Xbox 360 Launches as the New Console Standard

The next console generation starts today, and Microsoft wants the Xbox 360 to own the living room before anyone else gets there.

The next console generation starts today, and Microsoft wants the Xbox 360 to own the living room before anyone else gets there.

The Xbox 360 launches in North America with a lineup Microsoft is calling the strongest launch in console history. The company announced 18 games and 13 accessories for launch, giving early buyers more than just new hardware to set up under the television. The system arrives in time for Thanksgiving break, holiday shopping and the long stretch of winter nights when new games can take over a house.

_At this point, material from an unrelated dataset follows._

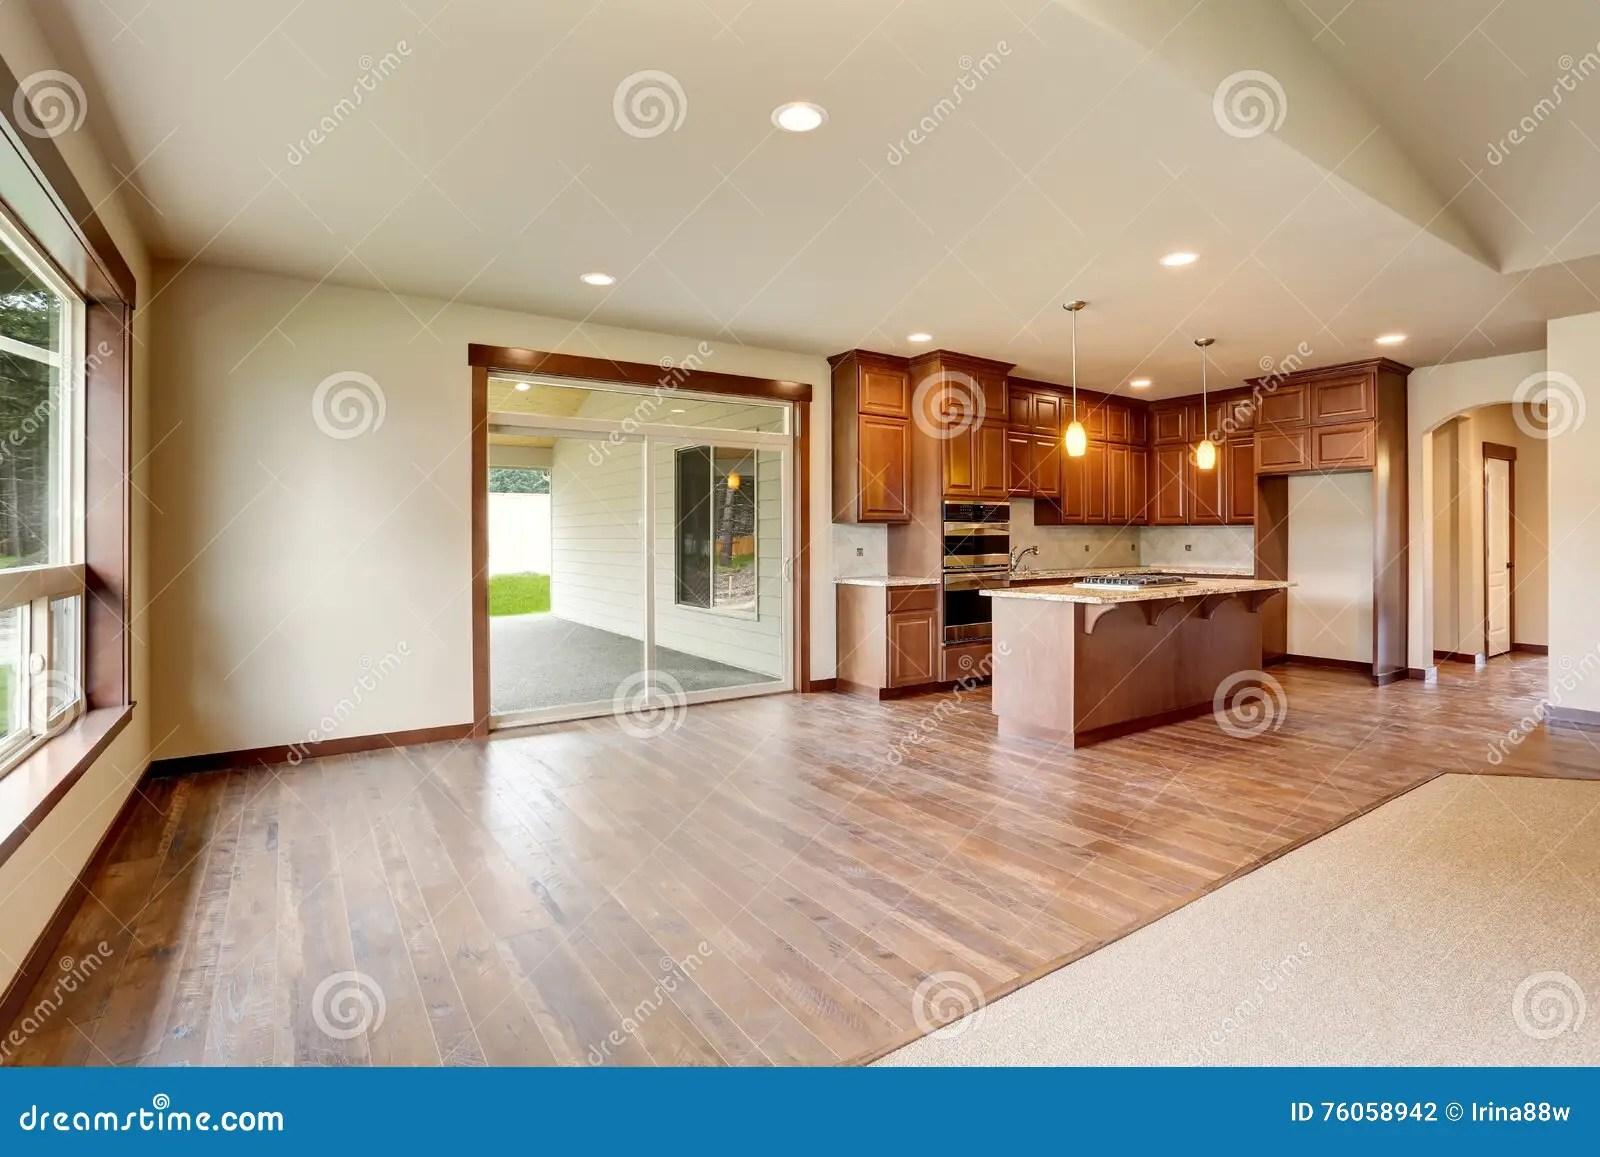 Open Floor Plan Empty Living Room With Carpet Floor

The day-one games cover the categories students already argue about: sports, racing, shooters and action. Microsoft’s launch list includes Madden NFL 06, NBA 2K6, Project Gotham Racing 3, Perfect Dark Zero, Call of Duty 2, Need for Speed Most Wanted and Tony Hawk’s American Wasteland. For anyone trying to decide whether the console is worth the money, the pitch is clear: the system has something ready for almost every kind of player.

Xbox Live is also a major part of the launch. Microsoft says Xbox Live retail offerings are available alongside the console, including Gold membership packs with headsets and Arcade content. That matters because console gaming is becoming less about who can come over after school and more about who is online after homework. The new system is built around that expectation.

For Piper students, the Xbox 360 will probably arrive in waves. A few classmates will get one immediately. More will spend the next month lobbying parents before the holidays. Everyone else will ask who has played it, how the graphics look and whether the new controllers feel right.

The launch also raises the stakes for living-room bragging rights. Sony and Nintendo are still preparing their next systems, but Microsoft is first out of the gate. That gives the Xbox 360 a full holiday season to become the machine students associate with high-definition games, online play and the next phase after the original Xbox.

Today, the question changes from whether the next generation is coming to who already has it plugged in.